И вот он лежал на своей одинокой койке в Париже. И предавался воспоминаниям, которые терзали душу. Нет, нельзя им поддаваться, надо встать, выбраться из этого склепа и выйти на улицу.

Но не прошел он и сотни шагов до улицы Терезы, как ощутил ужасную слабость во всех членах. Оперся, чтобы не упасть, о стену. Подобрал его Хаупт, старый ворчун, отец одного клубиста из Майнца. Он как раз шел к нему и помог добраться до своей комнаты.

«Очевидно, артрит, дорогой профессор. От него помогают только камфора, опиум и специальный бальзам из Мекки. Боли, наверное, очень чувствительные, не так ли? Попробуйте для начала камфору, очень рекомендую…»

Да, да, конечно, спасибо. Он и сам знал, что боли чувствительные. Левая рука болела так, что он готов был кричать от отчаяния. К чему эти мудреные проповеди с ученым видом? К чему лекции по фармакологии? Что он, сам, что ли, не знает? Хаупт, педант и всезнайка, на какую бы тему ни зашла речь, мог подолгу вытряхивать короба своих знаний и сведений. Так было и несколько дней назад, когда он помогал Форстеру перевести на французский статью о Швейцарии. Такие люди вечно бегают целый день с озабоченным видом, а толку от них мало.

Нет, этого пустомелю он не намерен больше терпеть.

«Послушайте, Хаупт, — сказал Форстер, — я бы хотел остаться один».

«Конечно, конечно. Только повторяю, артрит — серьезная штука. От него ужасные длительные боли…»

«Да. Никто не знает этого лучше меня».

«Вам надо считаться с этим, профессор, и в корне изменить свою жизнь. Нужно думать о болезни, то есть — о выздоровлении. А для этого требуется умеренность во всем. И что касается вина, и что касается революции. Волноваться нельзя совершенно. И очень рекомендую бальзам из Мекки. Приняв его, вы поймете, что все противоречия мира, в сущности, — одна сплошная гармония…»

Ну уж нет! Он не пьяница! И не бродяга перекати-поле.

«Подите вы прочь! — закричал он. — Прочь! Вот дверь. От вас я могу разболеться еще больше».

Насмерть перепуганный Хаупт выкатился с такой миной на лице, которая говорила: ну вот, этого и следовало ожидать.

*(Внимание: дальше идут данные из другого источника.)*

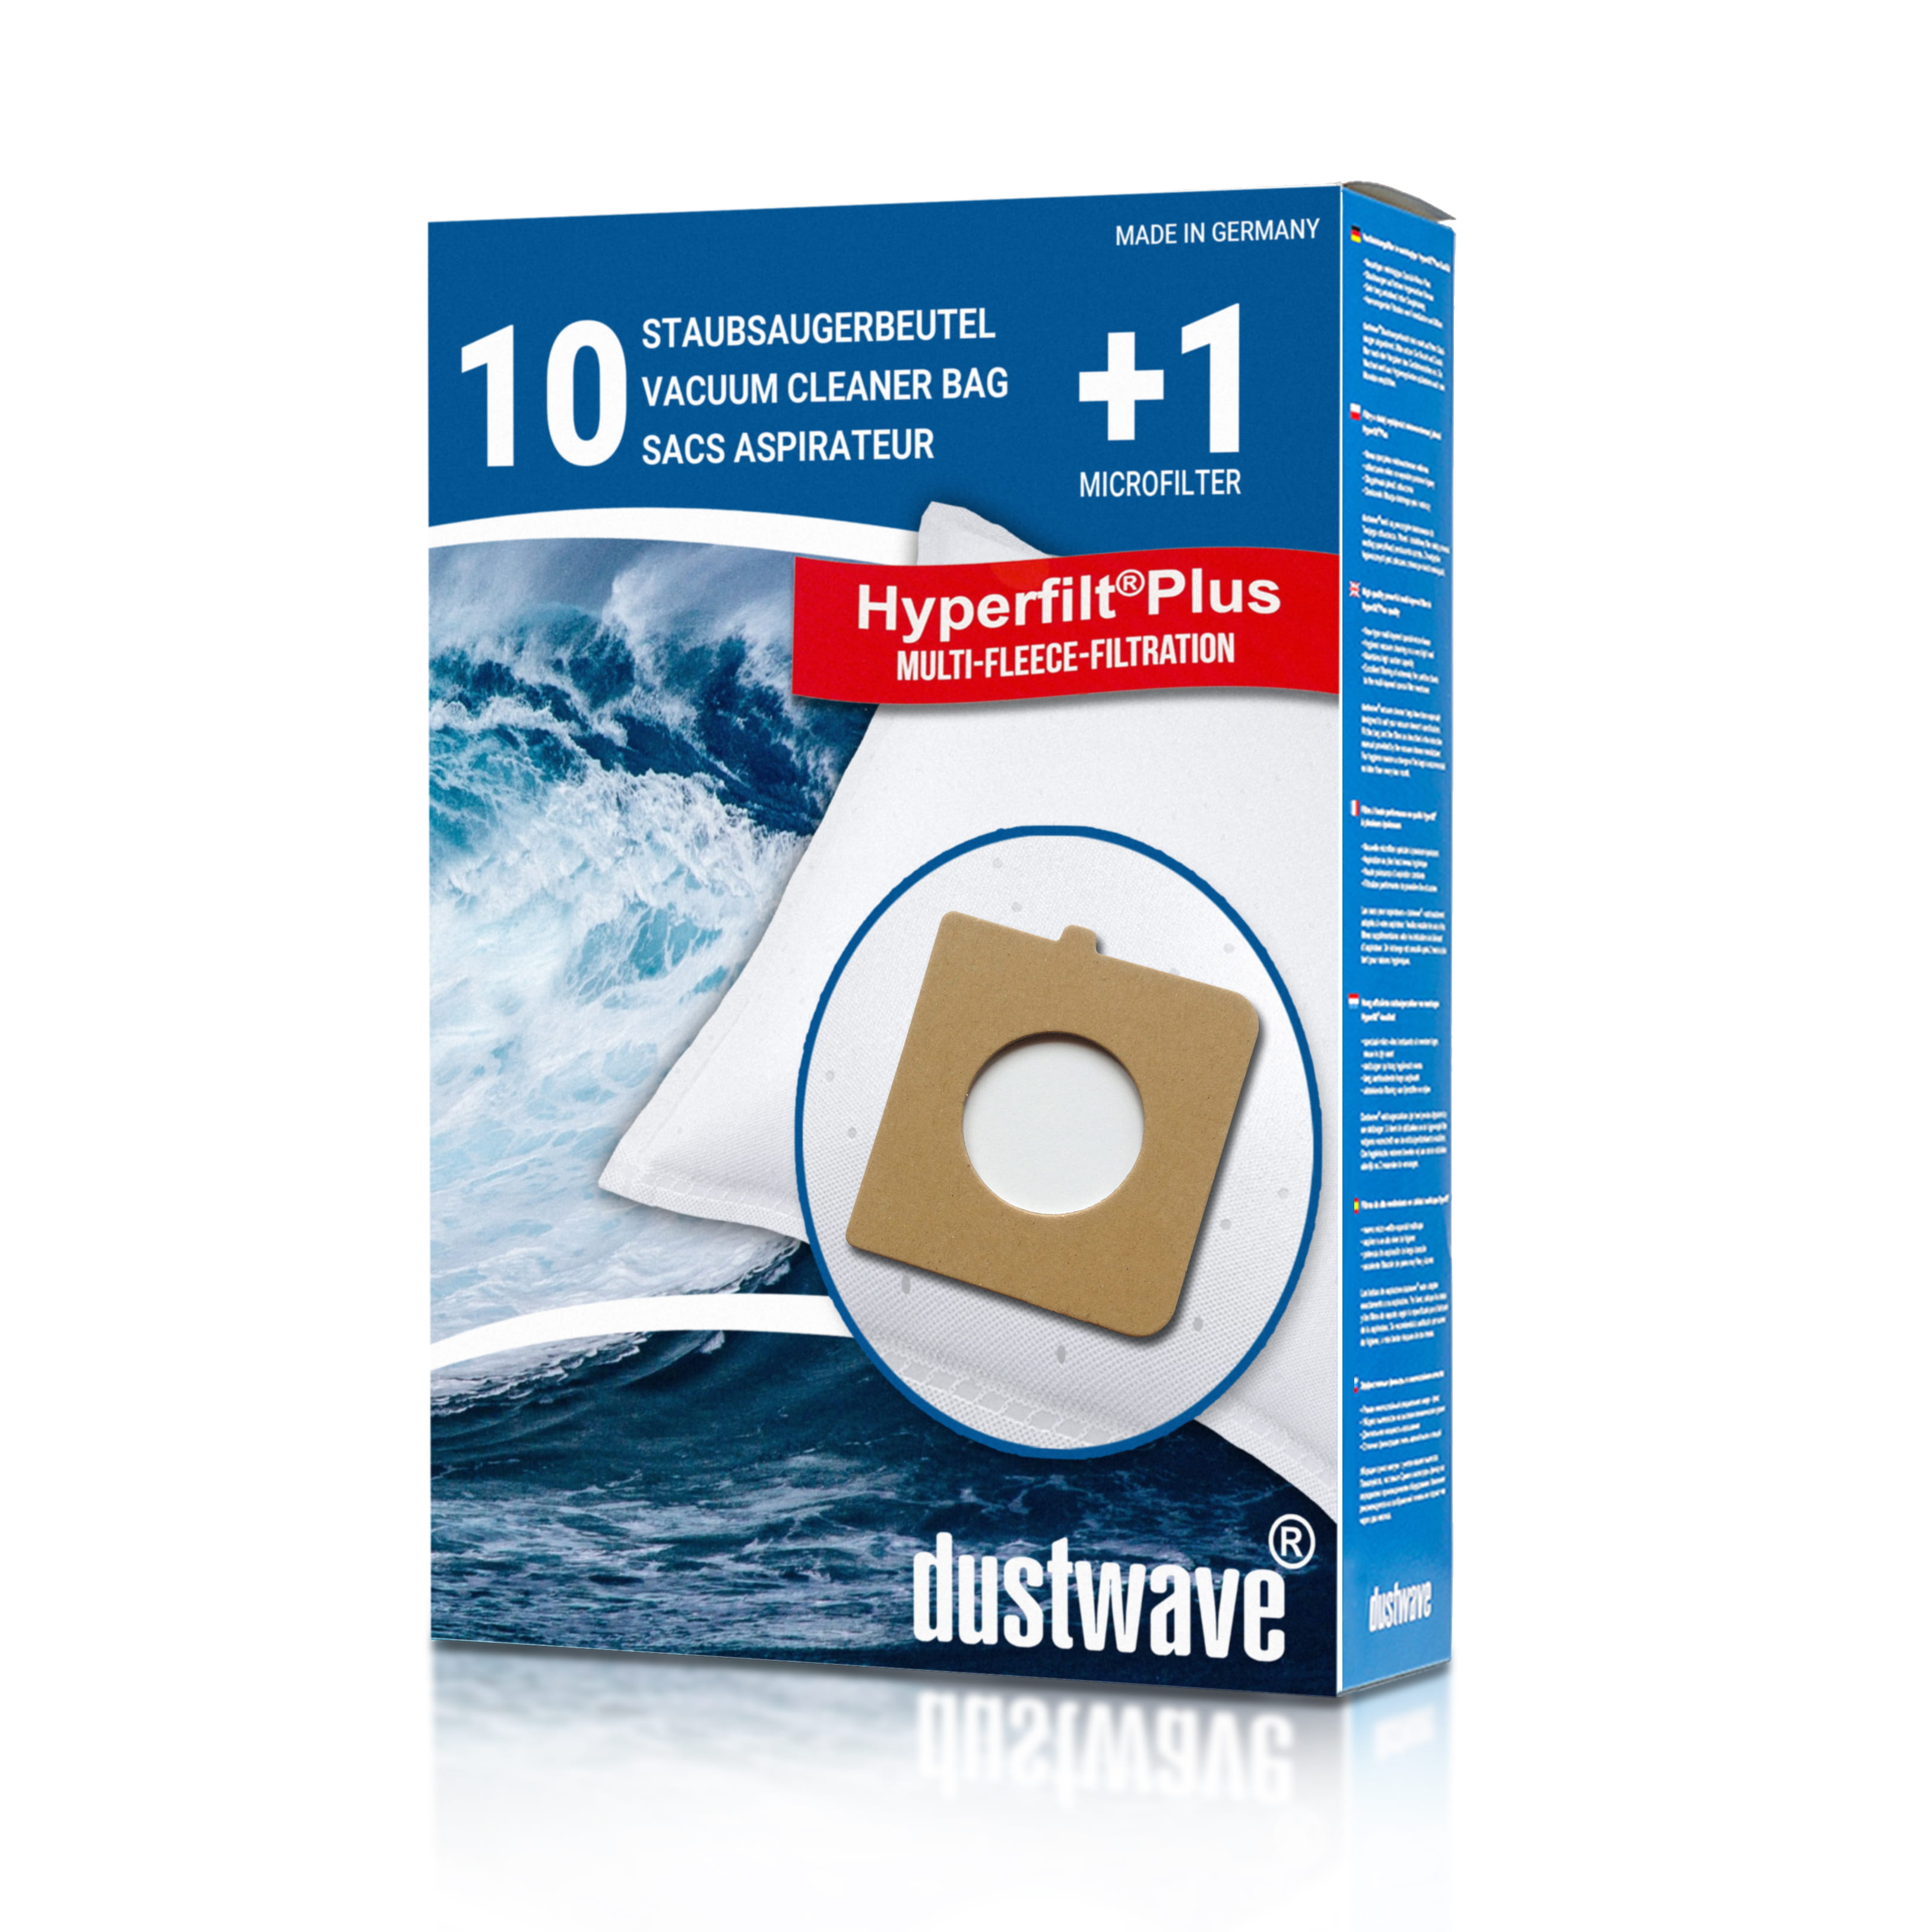 Dustwave® 10 Staubsaugerbeutel für Bomann CB 993 / CB993 - hocheffizient mit Hygieneverschluss - Made in Germany

И все же о нем говорили в Германии неправду, утверждая, будто он грубиян и задира, что-то вроде Робинзона, что длительное путешествие с Куком отучило его от хороших манер, сделало нечутким и неделикатным. Нет, просто он не выносил болтунов, шептунов, всякую придворную мразь, напудренную, да напомаженную, да распускающую хвост как павлины, все эти лизоблюды всегда были ему противны, еще и до путешествий, но, конечно, в походах он только укрепился в своем идеале естественного поведения. Потому-то, естественности и последовательности мышления ради, перессорился он под конец со всеми, кто был прежде ему близок, — с Кампе и Спенером, со своими издателями, и до сих пор он жалеет о том, что спустил тогда Гёте, когда тот стал хвастать своими познаниями в области естественных наук. И Каролина Бёмер его потом в этом упрекнула. Ведь он был единственным, кто бы мог сорвать с олимпийца его лавровый венок — листик за листиком. Вместо того и он, как и все прочие, только трусливо молчал.

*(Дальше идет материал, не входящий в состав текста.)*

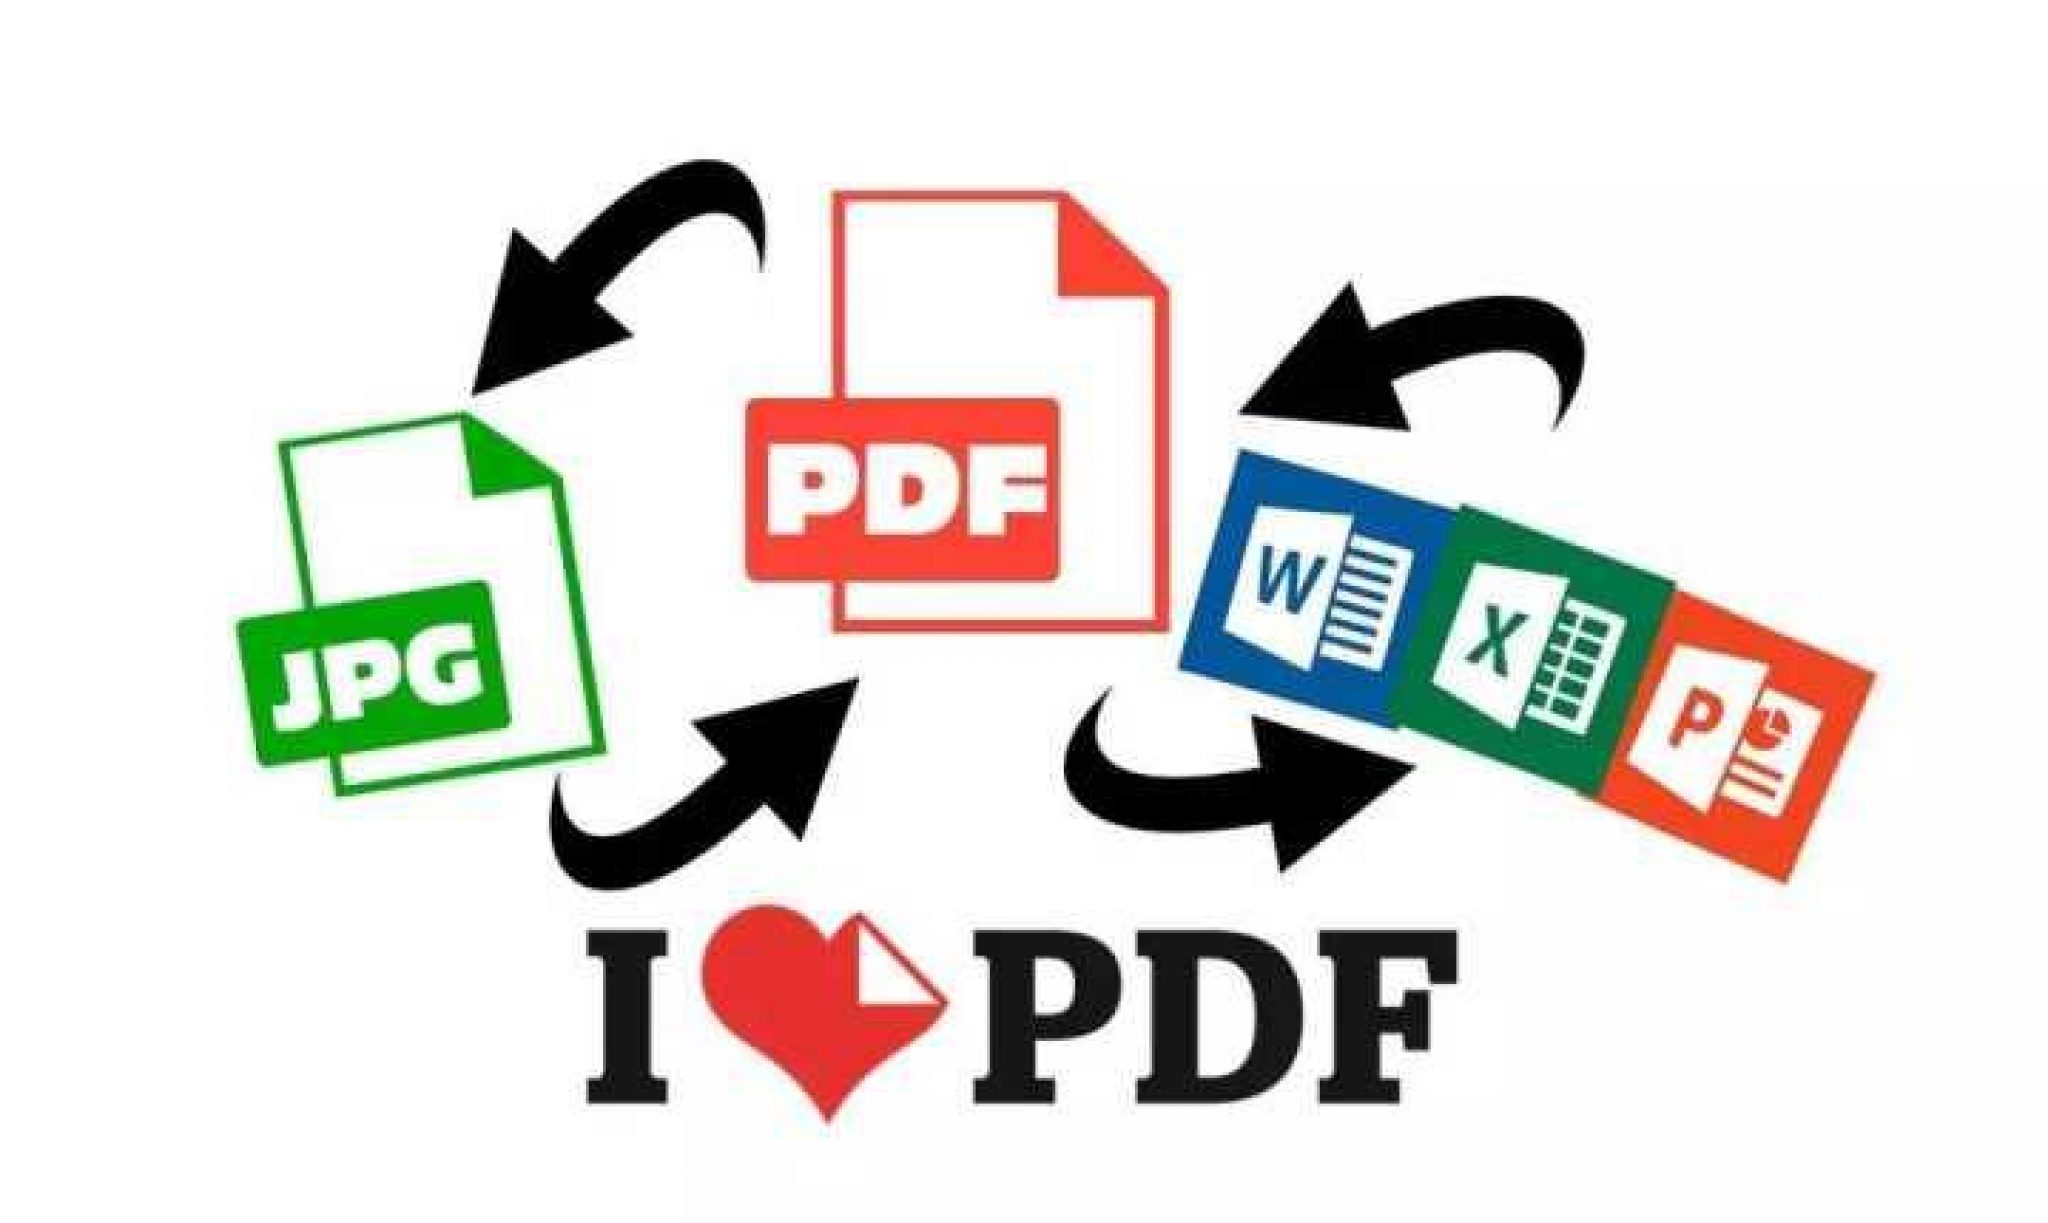 smart pdf converter download

Конечно, его сиятельство был противником куда более искушенным, чем только что Хаупт, но в своем упорстве относительно придуманных им схем в теории цвета, как и в противоборстве с Ньютоном, он был смешон не менее Хаупта, когда тот снисходительно рассуждал о Швейцарии или вот только что об этом бальзаме из Мекки…

Гёте тогда прибыл из Веймара в экипаже своего покровителя. От Гумбольдта, Шиллера и других он знал, что в Майнце есть дом, в котором собираются каждый вечер, чтобы испить хорошего вина и обсудить самые разнообразные духовные темы. Потому-то он объявился однажды у Форстеров, прежде успев побывать, конечно, у курфюрста и архиепископа, богатейшего христианского прелата и его метрессы, у знатных французских эмигрантов, у княгини из Монако, любовницы герцога Орлеанского.

Гёте прислал лакея в ливрее с изысканным букетом красных роз и безупречного слога запиской. Тереза приняла все это с надлежащей учтивостью, и с этого момента покой оставил ее: раскрасневшаяся, с лихорадочно блестящими глазами, она носилась по комнатам, отдавала распоряжения, мыла и скоблила там и тут сама, шпыняла даже и Губера, который в конце концов пристроился помогать на кухне.

Вот тогда-то впервые возникло у Форстера не слишком лестное мнение о своем госте, действительном тайном советнике, министре. Конечно, в Веймаре, куда они заезжали с Терезой во время свадебного путешествия, он их очаровал почтительным радушием, но ведь с тех пор прошло уже семь лет. Но даже и тогда в глубине души он отдал свои симпатии в значительно большей степени простому и честному Гердеру, чем закутавшемуся в свой шелковый кафтан, как в мантию пророка, автору «Вертера». А уж когда теперь они читали недавние его произведения, то единодушно пришли к выводу: упаси нас бог так вознестись, что уже и не замечаешь собственной пошлости.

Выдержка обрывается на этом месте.